My current challenge is in respect to using the fuzzy match, i am trying to use it to find matching (or similar) invoice numbers. I am matching on the RecordID, 1-10 to 51-60.
i seem to be able to get the exact matches just fine, but some of my data has truncated numbers, and maybe some transposed numbers in there as well. Basically, if the numbers look kind of similar at all, i want Alteryx to flag them. Here is kind of what my data looks like:
Reference (Inv# + Store#)
Assignment (Bottler Inv#)
Reference Key 1 (Not Sure??)
Reference Key 2 (Store#)
Amount in local currency
My only technique is to remove the first digit from from the "Reference (Inv# + Store#)" with the 1400 source after running a fuzzy match and doing it again and deleting another digit.
Hopefully this makes sense, any help would be greatly appreciated!!
40% is a very low threshold to run on a first pass, I think. What is your key length? Can you post the Match Options configuration screen? It's not looking like your data is actually complete enough to make any meaningful matches. Can you also explain why you're looking for such a nebulous match?
I started at the default threshold and i got 4 matches from my original data. these were all exact matches but i was hoping for Alteryx to be able to look at the numbers and at least give me a number/percentage to say that it could, maybe be a match.
I have different data from customers than what is in our work systems and some of it is hand keyed so there are always some errors. Other times the system may take off some of the first digits.
These are all invoice numbers, many of them have a consistent length. The largest ones are 15 characters (mostly digits, sometimes some letters in there), down to about 8 characters. the data has about 100,000 lines of data or so, so the idea is to find some that are a close match and then manually go over them to determine if they actually are.
Yesterday was my first attempt using the fuzzy match, so I am really unsure how to use it, it seems better suited for more consistent data like names, addresses, and phone numbers.
A couple things jump out to me. First of all you're not using a matching algorithm at all, so you're only able to get exact key matches. Second, you're not generating any keys, and since you're using a length longer than your longest number, it becomes a standard join. Third, Double Metaphone with digits tries to "pronounce" the "word" and then matches the numbers. Since all you have is numbers, it also won't help you.
I took your sample and ran a Character Jaro Distance and only got one match with a key length of 4, but because of the nature of this dataset I doubt fuzzy will get you a great result. Because the numbers are in a block, I think that Fuzzy Match may be less powerful than other methods. It's a bit more art than science, so there's always some tuning, but your use case probably has a better way to associate the data.

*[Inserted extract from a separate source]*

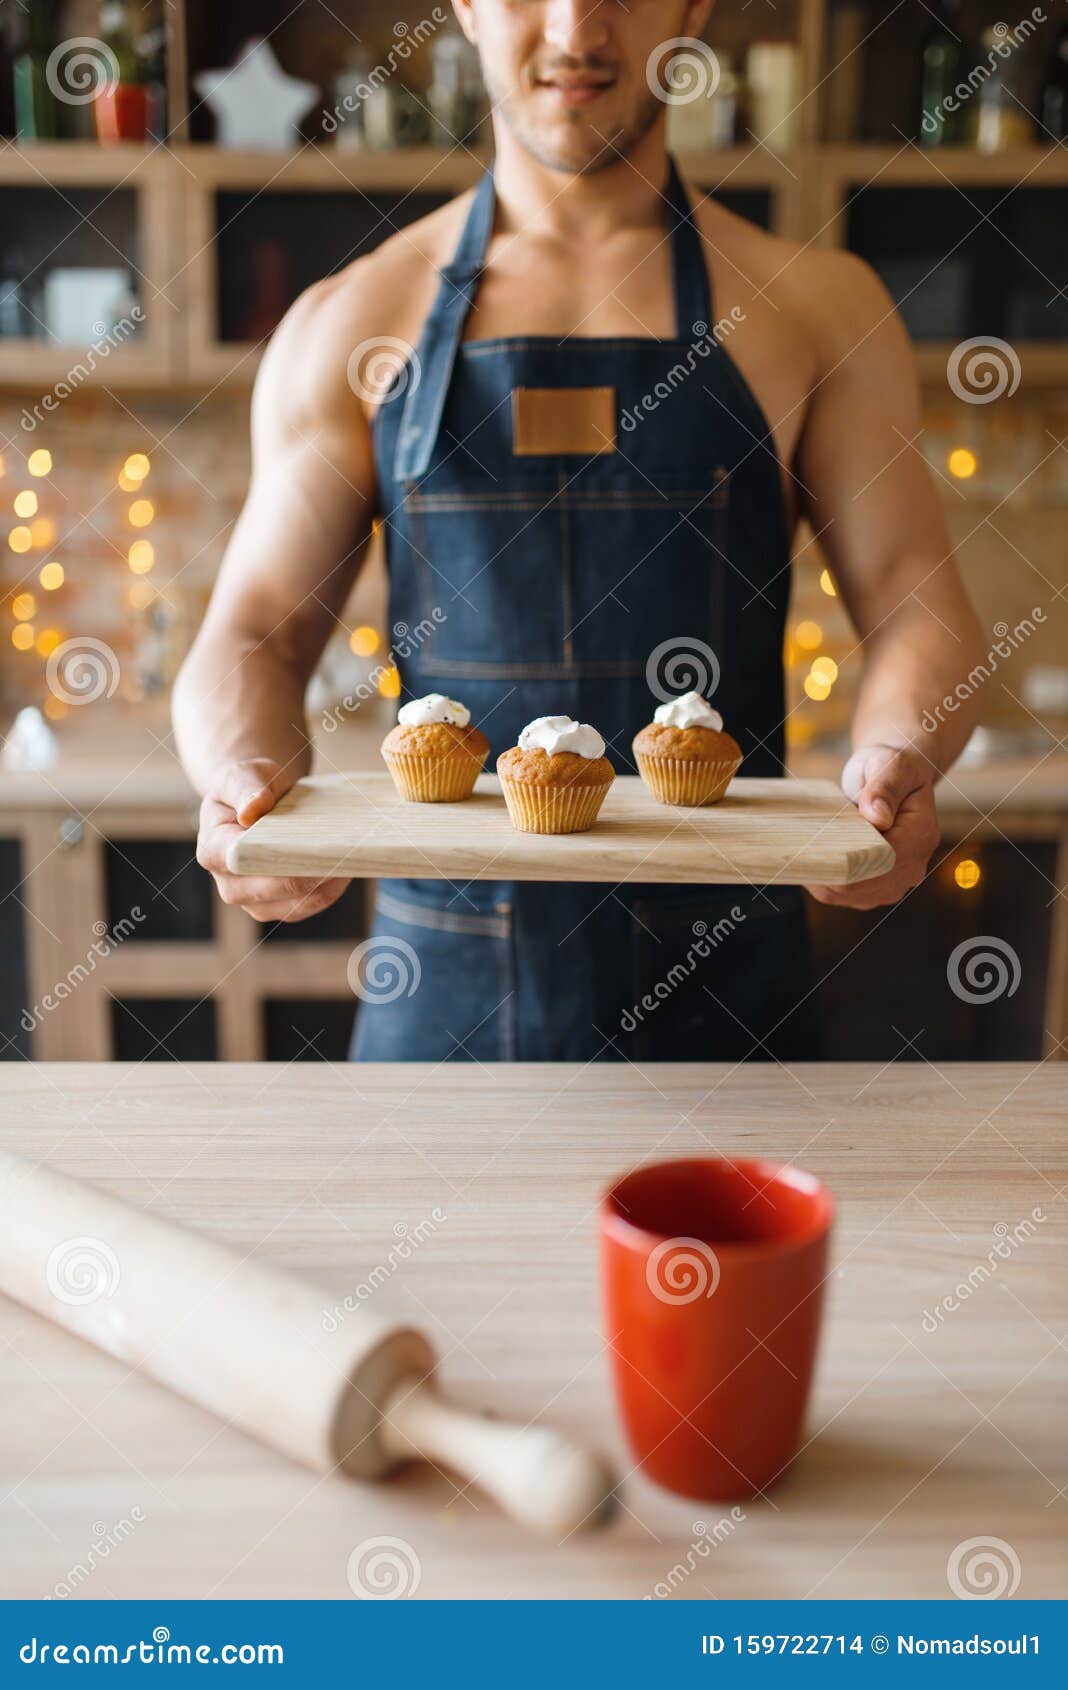 The nude chef

My first thought is to look for corroborating data that could be used to associate the numbers, and find a join method appropriate for whatever that data is. Perhaps names, products, service codes, city/state/zip or a combination of those are available. If it were me, I'd look for more metadata on each of these to try to join on.
If you can, for example, just get the location code isolated and convert it to VString then you could do a Jaro fuzzy to see if there were transposed characters ('41223' typed in as '42123') or substitution characters typed in erroneously ('41223' is typed in as '41222'). It may also help to read a bit about how the fuzzy algorithms work, because that can inform your decision a ton.